By her journey’s close Frances discovers where she fits in is not where she might like to think she would. Ironically, her infatuation with her well-heeled university girlfriend Dagmar causes her heartache, just as her love for her English professor proves to be one-sided. Yet a sense of belonging can come from odd places, as Frances realizes when she makes some deeper connections with each of her roommates, especially campy Carla. Yet, even more surprising, who would expect that Frances could feel such powerful sensations with “sleazy Dwight” (185) that she could not experience with Nigel, despite his “cool John Lennon stares” (140)?

In the end, we are drawn convincingly into Frances’ world. Readers of U Girl will also appreciate and enjoy recognizing so many local haunts revealed in these pages. The ones who are likely to be the most enchanted are those who can identify the myriad allusions, relate to the trials and triumphs of writing, or, like Frances, aspire to do so and grow in the process.


Andrea Westcott received her undergraduate degree from the University of Alberta in Honours English and her MA from Queen’s in Kingston, ON. Her MA thesis compared Carlyle to Disraeli.

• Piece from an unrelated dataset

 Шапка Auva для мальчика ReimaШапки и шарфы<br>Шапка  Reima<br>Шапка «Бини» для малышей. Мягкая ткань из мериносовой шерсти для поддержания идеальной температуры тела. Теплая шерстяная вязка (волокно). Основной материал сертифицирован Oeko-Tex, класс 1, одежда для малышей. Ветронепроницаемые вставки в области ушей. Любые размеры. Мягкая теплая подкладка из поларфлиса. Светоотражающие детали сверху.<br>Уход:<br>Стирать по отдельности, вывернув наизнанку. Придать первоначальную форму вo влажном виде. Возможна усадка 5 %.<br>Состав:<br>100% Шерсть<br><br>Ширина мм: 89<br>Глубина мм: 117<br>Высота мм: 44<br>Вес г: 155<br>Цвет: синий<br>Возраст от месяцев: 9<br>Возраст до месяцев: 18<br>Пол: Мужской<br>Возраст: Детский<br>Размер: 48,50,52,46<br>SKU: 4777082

Andrea’s PhD, granted from the University of Toronto, is entitled “The Art of Anne Bronte”. Her teaching career began in the English Department at UBC, and since then, Professor Westcott has been teaching at Capilano University. She is a member of the Women’s and Gender Studies Department at Capilano University, researching and writing about women writers from the Victorian period through to the present. See, for example, the essay, “A Matter of Strong Prejudice: Gilbert Markham’s Self-Portrait”, published in New Approaches to the Literary Art of Anne Bronte edited by Julie Nash and Barbara A. Seuss.